Много следов войны, конечно, ещё осталось в полях, лесах и оврагах. Ведь шли ожесточённые бои за освобождение нашего края. Подтверждение тому — воспоминания жителей об оккупации 1942-1943 годов».
Ниже публикуем их отрывки.
Анна Петровна Бугакова (Попова), 1934 г. р.:
«Во время оккупации я была ребёнком и проживала в родительском доме по адресу: с. Иловка, ул. Красногвардейская, 20. Оккупирована Иловка была венграми (мадьярами).
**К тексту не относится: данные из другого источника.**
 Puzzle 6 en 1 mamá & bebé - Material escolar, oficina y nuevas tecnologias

Местные жители их очень боялись. Расселились они по домам. Поселялись в те дома, которые были получше. В нашем доме также были мадьяры. Огород наш выходил на яр, в котором наша семья и соседи прятались от бомбёжки. Запомнилось мне, как в январе 1943 года, в лютый мороз, когда уже стемнело, из-под яра вышли на лыжах два наших разведчика в белых маскировочных халатах. Совсем молоденькие, худенькие, очень уставшие. Тихонько постучали к нам в окно с огорода. Мама вышла на стук. Попросили что-нибудь перекусить. Мама схватила глиняный кувшин с тёплым топлёным молоком и подала солдатам. Они его выпили и начали спрашивать о расположении мадьяр. Поговорив с матерью, солдаты быстро ушли в обратном направлении.
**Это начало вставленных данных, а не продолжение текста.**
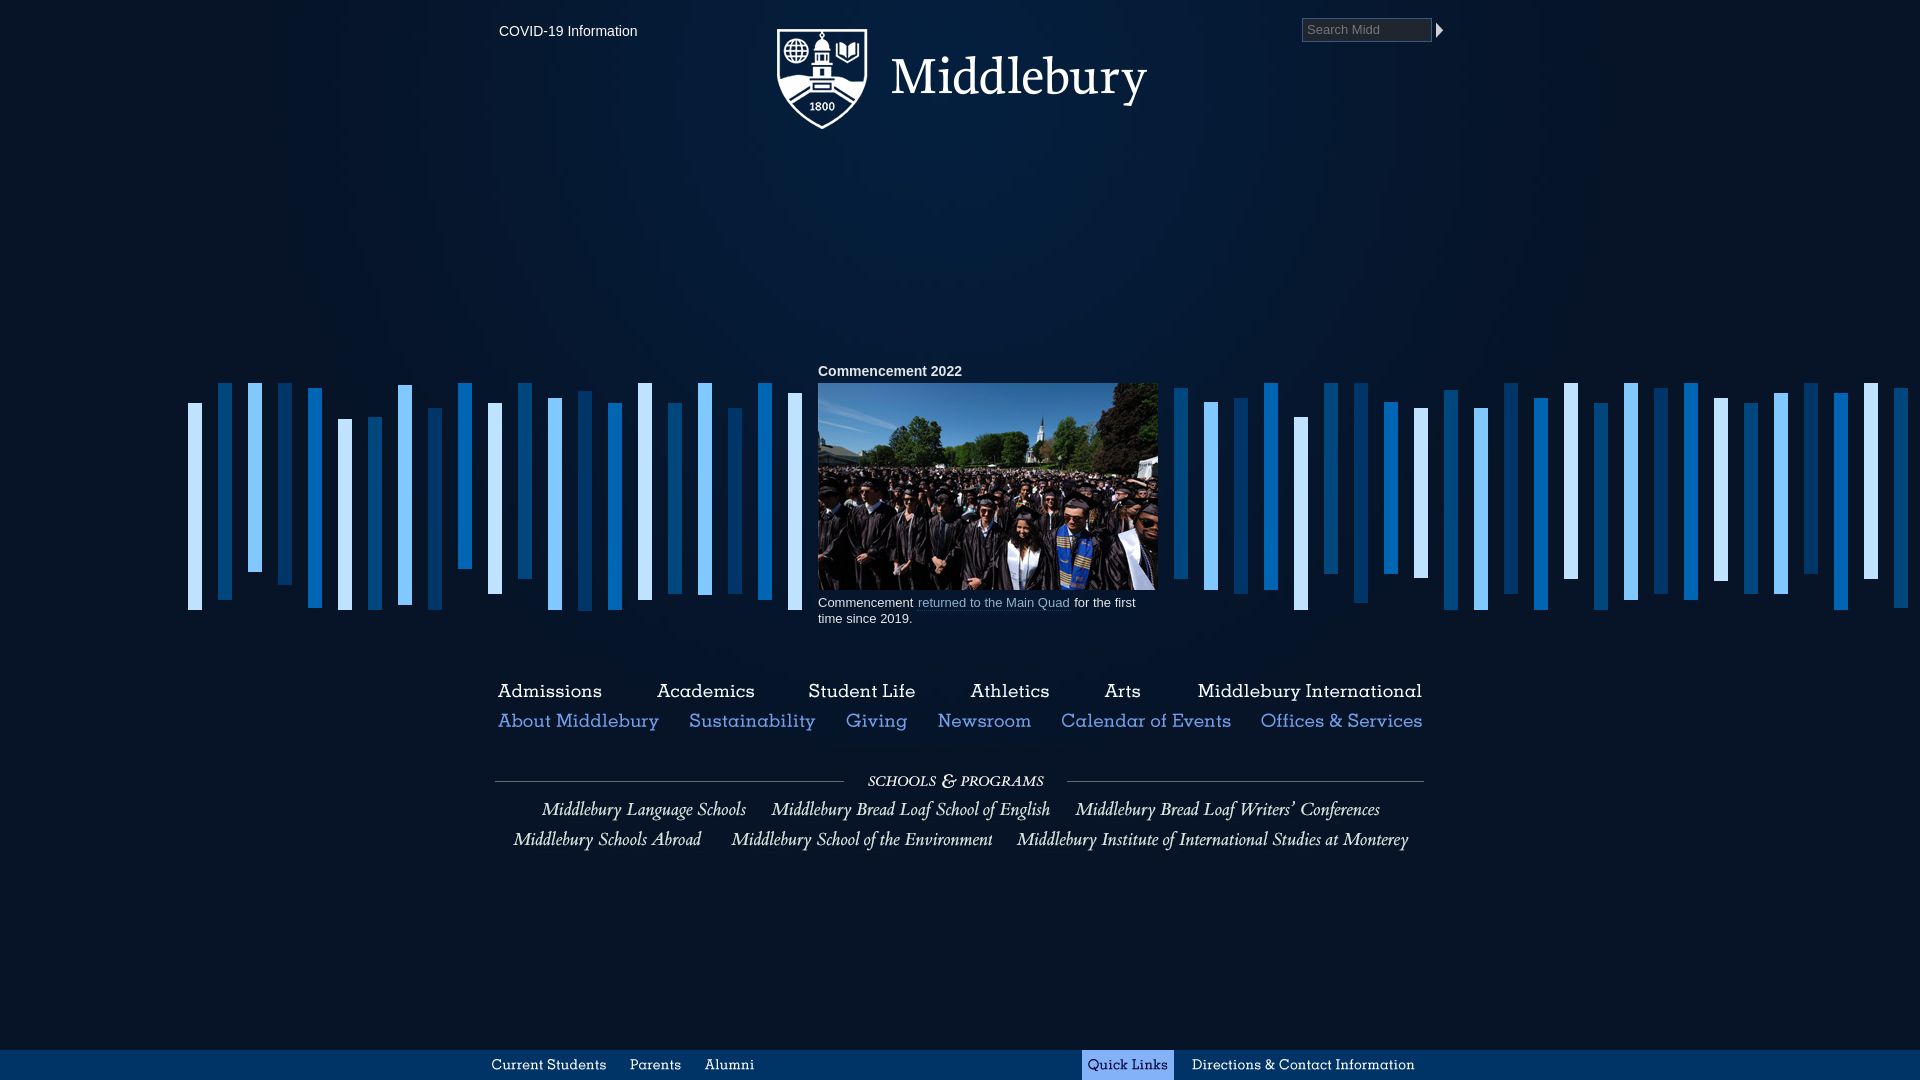 Estado web middlebury.edu está   ONLINE

Но то ли увидел их кто-то из мадьяр, толи кто-то из «своих» рассказал (были среди местных доносчики), но только через очень короткий промежуток времени ворвались к нам во двор вооружённые мадьяры. Мама быстро попрятала нас (своих детей) под кровать. В хату вбежали два солдата. Быстро окинули взглядом комнату, один заглянул под кровать. Там блестели наши глаза. Решив, что мать скрывает под кроватью русских солдат, мадьяр быстро направил туда автомат. До нашей смерти оставались считанные доли секунды. «Там кича, кича!» — громко закричала мать. Словом «кича» мадьяры называли детей. И тут второй солдат отдёрнул у первого автомат: то ли понял, что говорит мать, то ли разглядел детей под кроватью. Громко выругавшись на непонятном нам языке, мадьяры вышли из хаты. Так Господь сохранил мне жизнь.
А вскоре пришли русские. Начались ожесточённые бои. И 20 января 1943 года Иловка была освобождена от фашистов.
А ещё был случай. Играли два подростка, лет по 16, у нас в яру. И были у них вырезанные из дерева автоматы. Мадьяры приняли их за настоящие. Но когда поймали ребят, то увидели, что ружья-то деревянные. Но сильно разозлились, что какие-то пацаны напугали их до смерти. И устроили им смертную казнь. Мадьяры предпочитали смерть через повешенье. Всюду, где были мадьяры, стояли виселицы. В Иловке виселица была в центре села, где сейчас находится здание почты. И вот согнали к виселице всех жителей, включая детей. Глаза закрывать не разрешали, чтобы все смотрели, как мучаются висельники. И так, на глазах у всей деревни, были повешены два этих подростка. Жестокие были мадьяры и очень трусливые. Очень сильно за свою жизнь переживали. Это не русские, которые бесстрашно шли на смерть, на таран, в огонь…. Хотя жить хотели все.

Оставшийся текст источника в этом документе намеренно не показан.